Objective

The aim is to provide a better visual understanding of the demographic structure of Singapore population by age cohort and by planning area .

1. Design and Data Challenges

1.1 Proposed Design Viz for Age Cohort -Population Pyramid

  • For the objective of a great visualization for age cohort, I decided on population pyramid because it is able to show the age distribution of the population, and also gender for 2019. So there was not much of a contention here.

1.2 Data Challenges for Population Pyramid

  • However, there were some data challenges to build the pyramid. I could not use the original long data format to build. I had to transform the original long data format into wide data format.

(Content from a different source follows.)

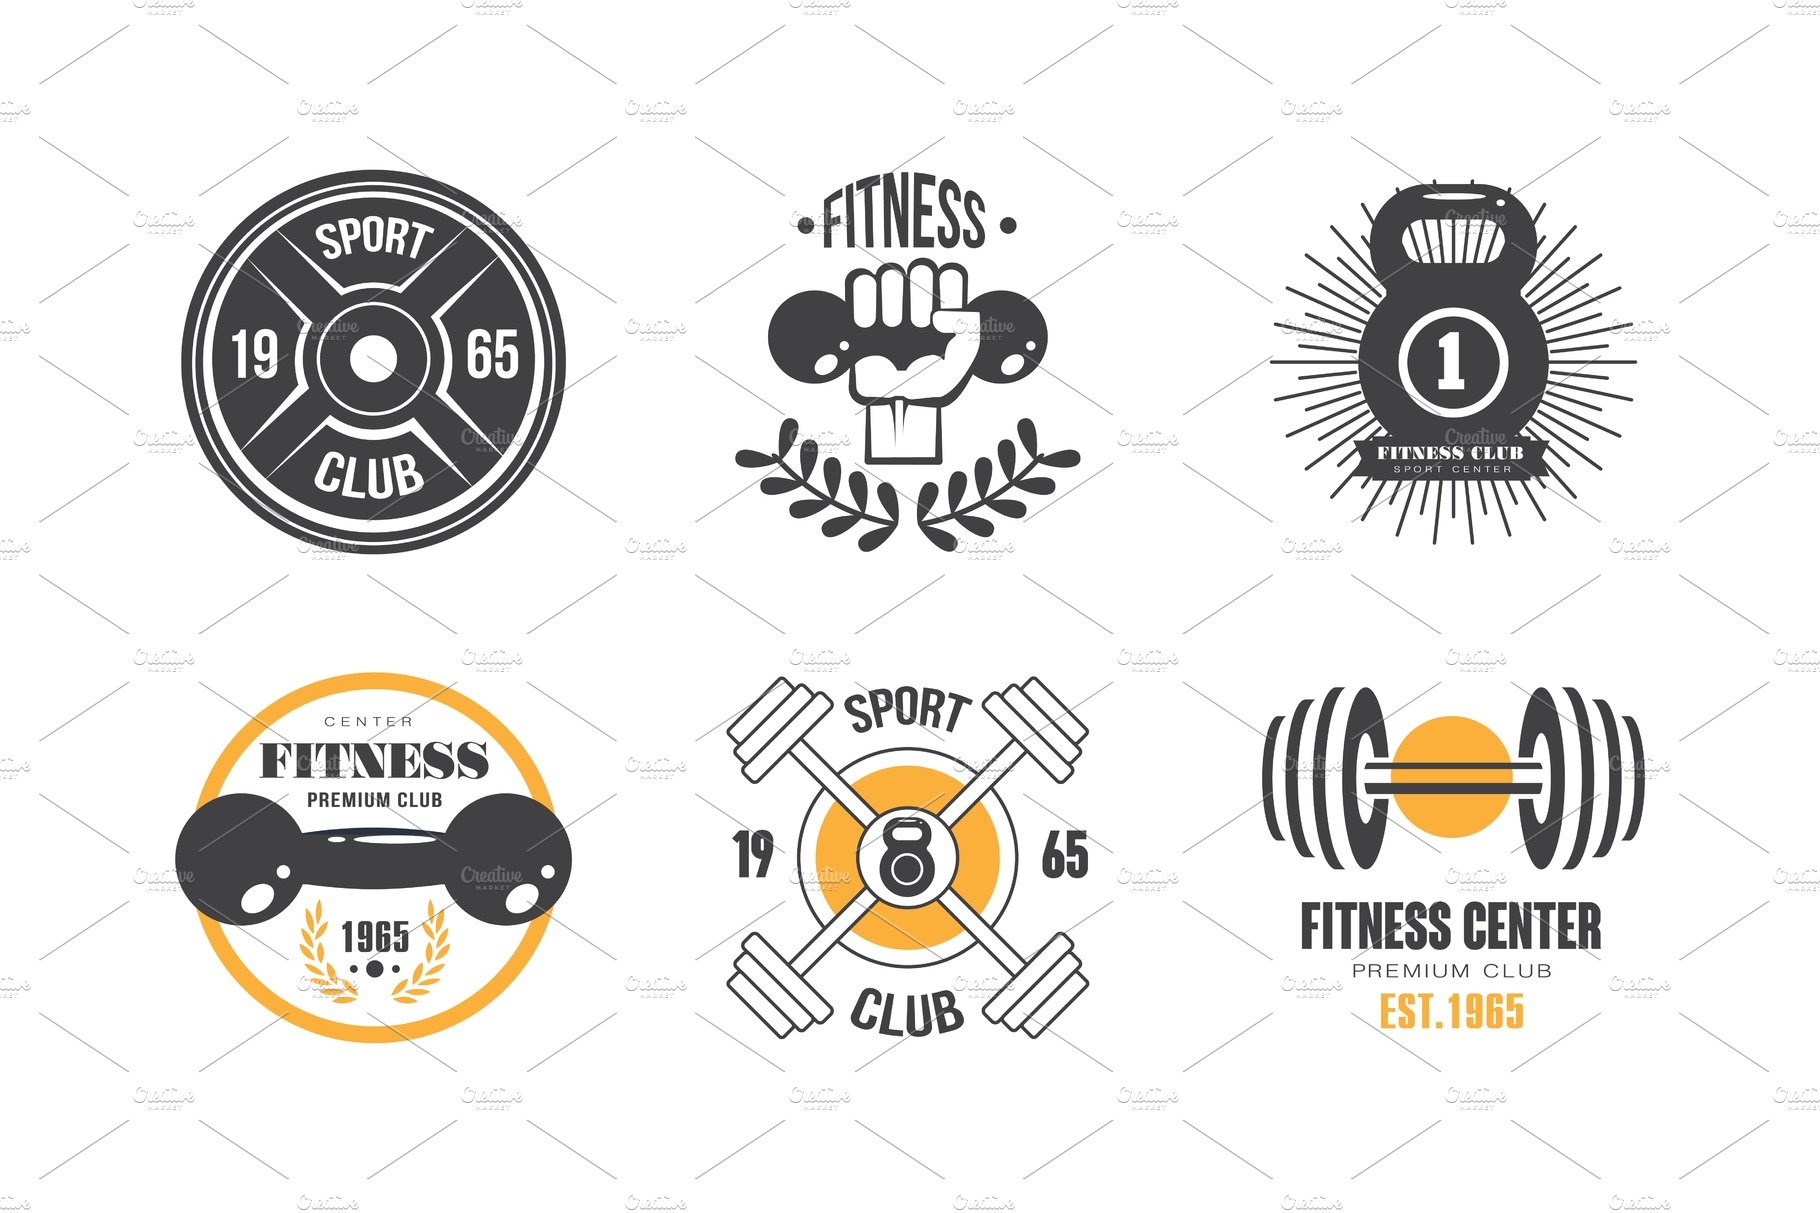 Fitness club vintage logo set cover image.
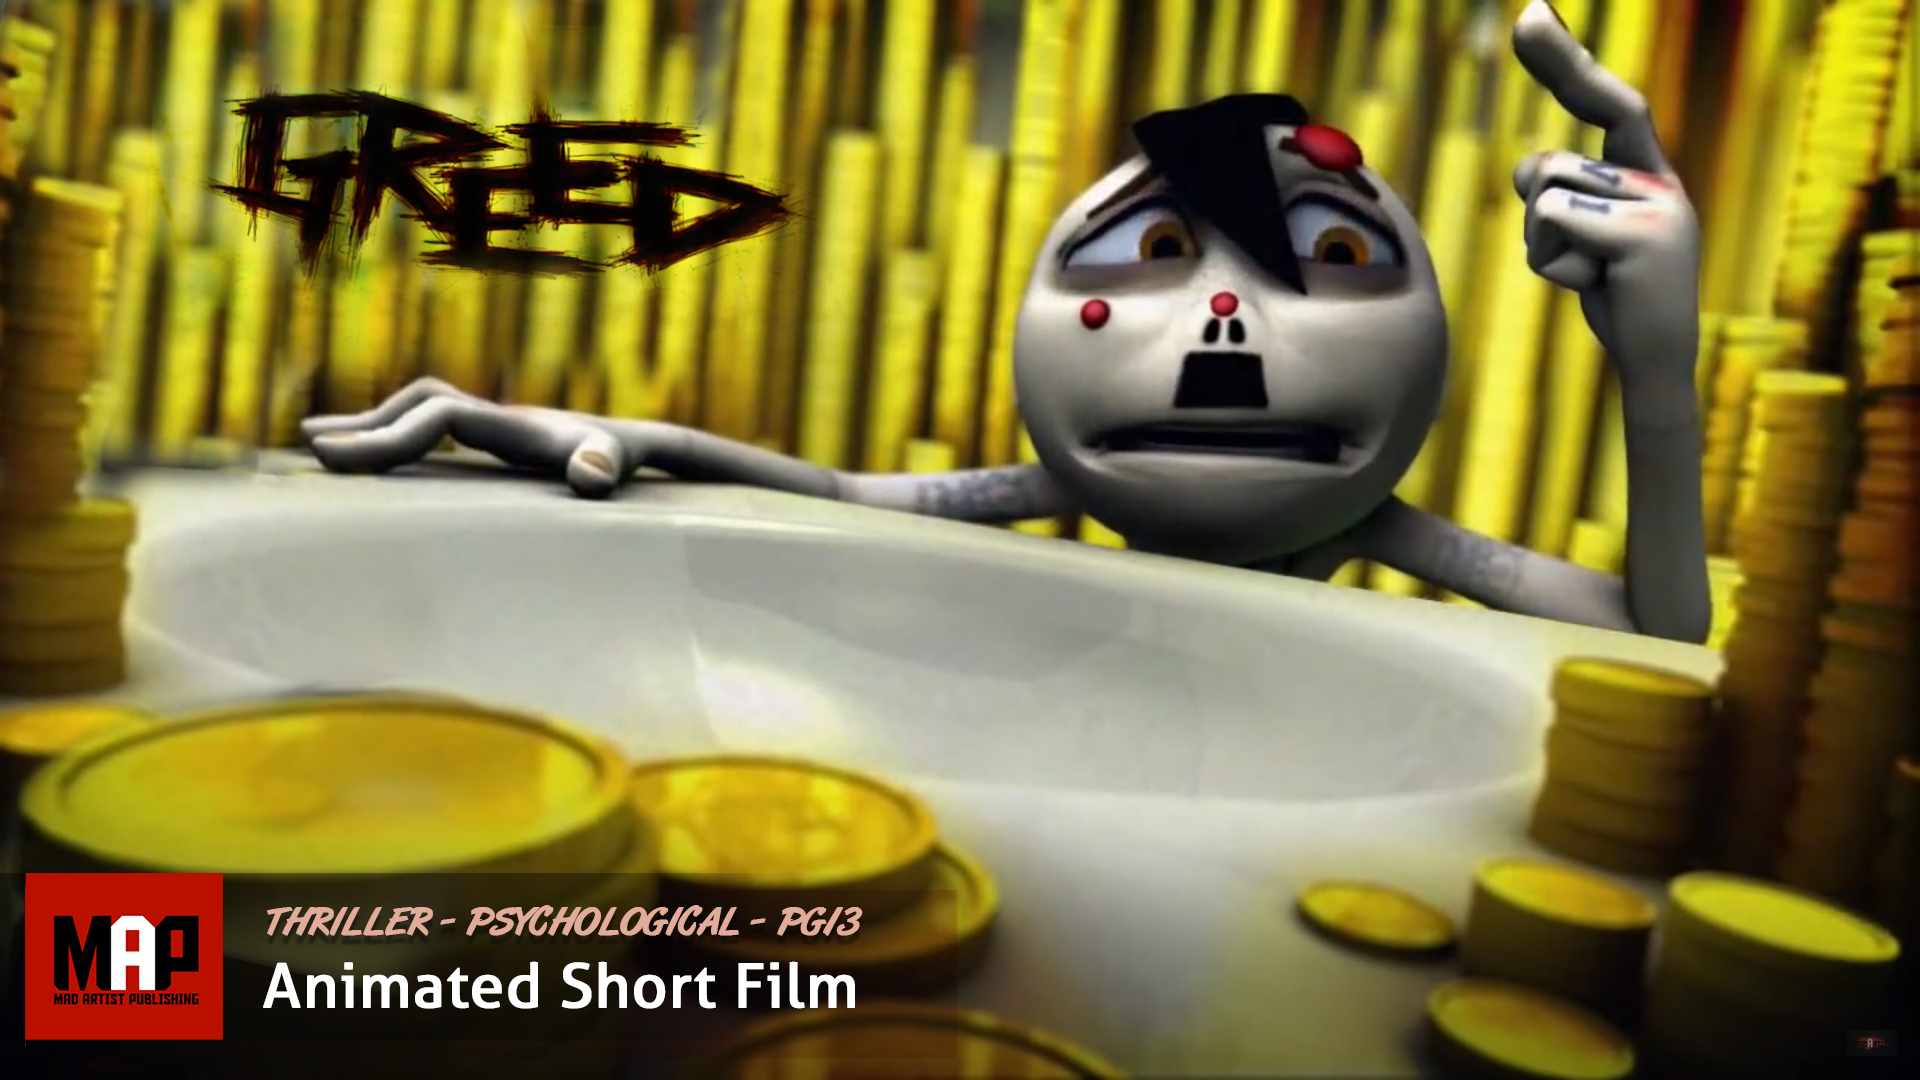 Psychological Thriller CGI 3d Animated Short Film ** GREED ** Award Winning Movie by Alli Sadegiani

  • Using the dcast() function in the reshape2 package, I was able to do so. Example of wide data format:

Sex 0_to_4 5_to_9 10_to_14 15_to_19 20_to_24 25_to_29 30_to_34 35_to_39 40_to_44 45_to_49 50_to_54 55_to_59 60_to_64
Females 90850 97040 102550 108910 122480 145960 153460 158850 157120 160230 152750 153590 140770
Males 94730 101290 105830 113730 127040 142640 140360 142310 144130 151800 149360 153850 138490

1.3 Design Challenges for Planning Area Viz

For the next objective of planning area: I had a few design options of bar chart, bubble plot and ternary plot.

-Bar Chart

Using Bar Chart, while I could show Population Size across planning areas, I missed out on age composition within the planning area.

-Bubble Plot

Using bubble Plot allows a comparison of Old vs. Economically Active % across population sizes (via circle size) and planning areas (via colour). However, the young will be neglected here.

-Ternary Plot

I decided on Ternary Plot because it is the best among the three visualizations. It has all the benefits of the bubble plot and shows the demographic structure best among the three.

1.4 Data Challenges for Ternary Plot

  • I encountered data challenges and I had to transform the data because I cannot build a ternary plot using the original data.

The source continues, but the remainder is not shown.